In [1]:
### START of Spark initial setup ###

# NOTE: Set up and initialize Spark session here. The rest of the code assumes that pyspark is accessible.

### END of Spark initial setup ###

In [2]:
import numpy as np
import pandas as pd
from numpy import random

from pyspark.sql.types import ArrayType, IntegerType, StringType, DoubleType

import datagen
from datagen import * 
import importlib
importlib.reload(datagen)

import pdb

import warnings
warnings.filterwarnings('ignore')

# Generating a sythetic table of impressions
The following steps show how to generate a synthetic impression table which can be used by the virtual ID assignment algorithm. This is based on a census file that is provided in the repository as `census.csv`.

The process starts with generating a list of people based on a power-law distribution of rates. Here we have used the Lomax (or the Pareto type II) distribution
$$
    L(x) = \frac{\alpha}{m} \left(1 + \frac{x}{m}\right)^{-(\alpha + 1)}
$$
We continue making the table `df_people_n` by assigning a randomly chosen number of impressions per person based on the rate generated in the previous step and then we finaly create `df_impressions` table by assigning random timestamps.

In [3]:
# Load the synthetic census file
census = pd.read_csv("census.csv")
df_census = spark.createDataFrame(census)

In [4]:
demo_cols = ["gender", "ethnicity", "age_range", "education", "income_code"]

# Generate the people from the census. This also assigns a rate to each person.
df_people = gen_people_table(df_census, demo_cols).cache()

In [None]:
population_total = df_census.agg(F.sum("population")).collect()[0][0]

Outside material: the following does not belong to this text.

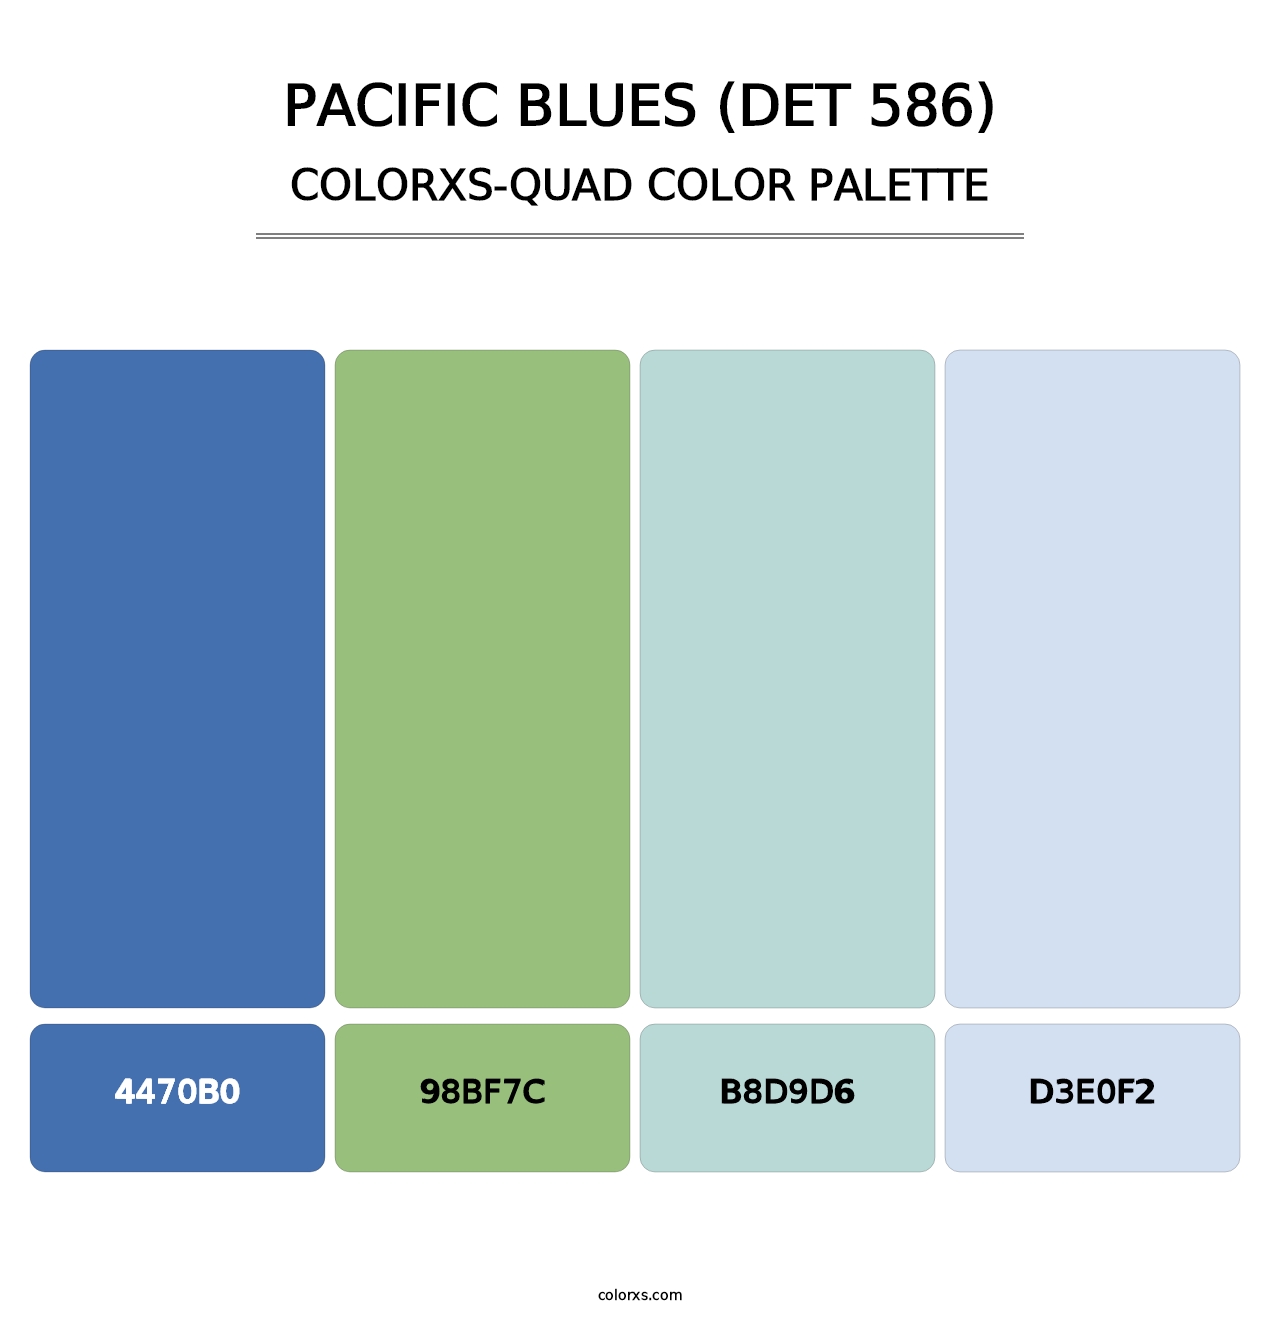 Pacific Blues (DET 586) - Colorxs Quad Palette

# Add a number of impressions to each person based the approximate total number of impressions provided
df_people_n = add_n_impressions(df_people, I=10**9, population_total=population_total)

In [None]:
df_people_n.show()

In [None]:
start_ts = "2020-03-01 00:00:00"
end_ts   = "2020-07-01 00:00:00"

# Now, create an impression table based on the given number of impression per person using a random
# assignment of timestamp to each impression between `start_ts` and `end_ts`
df_impressions = gen_synthetic_impressions(df_people_n, start_ts, end_ts, demo_cols)

In [None]:
df_impressions.show()